5-year-old child nearly drowns at Bukit Batok swimming pool
Never take your eyes of your child, even for a second, at a swimming pool.
An incident of a child drowning at Bukit Batok pool on 6 July has been captured on video, and the dramatic footage of the little one being resuscitated is being shared by many.
The little boy had been in the Bukit Batok Swimming Complex on the evening of Thursday 5 July.
According to a Sport Singapore (which manages the pool) spokesman, “Upon noticing the boy struggling in the water, his father and the lifeguards pulled him out of the pool and began to resuscitate him. After the boy regained consciousness, he was sent to the hospital.”
But what really makes our hearts race… and then stop… is the dramatic video of the resuscitation which you can watch at the end of this article.
Facebook user Wong Chee Wai uploaded the video on Friday (6 July). In it, we see lifeguards around the small child who has collapsed by the side of the pool.

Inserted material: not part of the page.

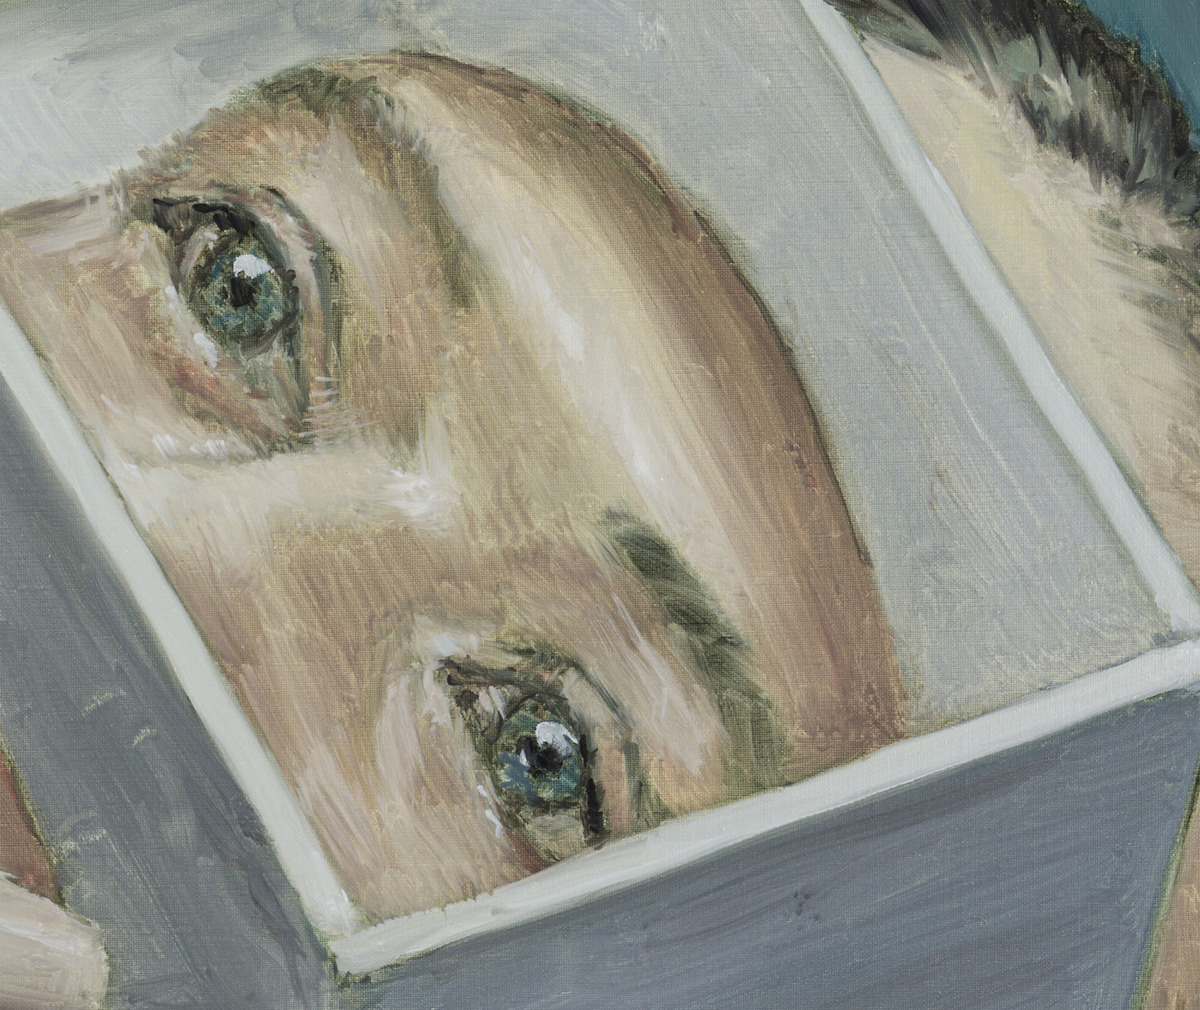 A painting showing a person's eyes and eyebrows on the surface of what appears to be a box

The boy’s father can also be seen in the video, performing CPR on the child. A woman can be heard wailing in the background too. Thankfully, the little one regains consciousness, and his father gathers him in his arms.
The Straits Times shares this important message from Sport Singapore:
“As drowning can happen very quickly, we advise all parents and guardians to ensure close supervision and to be within arm’s reach of their children in the pool at all times.”
Mr Wong, too, has this reminder for parents:
“Do remember that: Lifeguards are not nanny nor babysitter.
“Additional note to add…
“This post is not to pin point the traumatised mummy, but is a preventive message to all parents to keep a close supervision of their little ones at the water environment, and not to blame/question the lifeguards, what they have not done diligently and resulting the kid drowning…”
Mums and dads, while we are very thankful that this child is okay, we’d like to take this opportunity to point out some pool safety reminders.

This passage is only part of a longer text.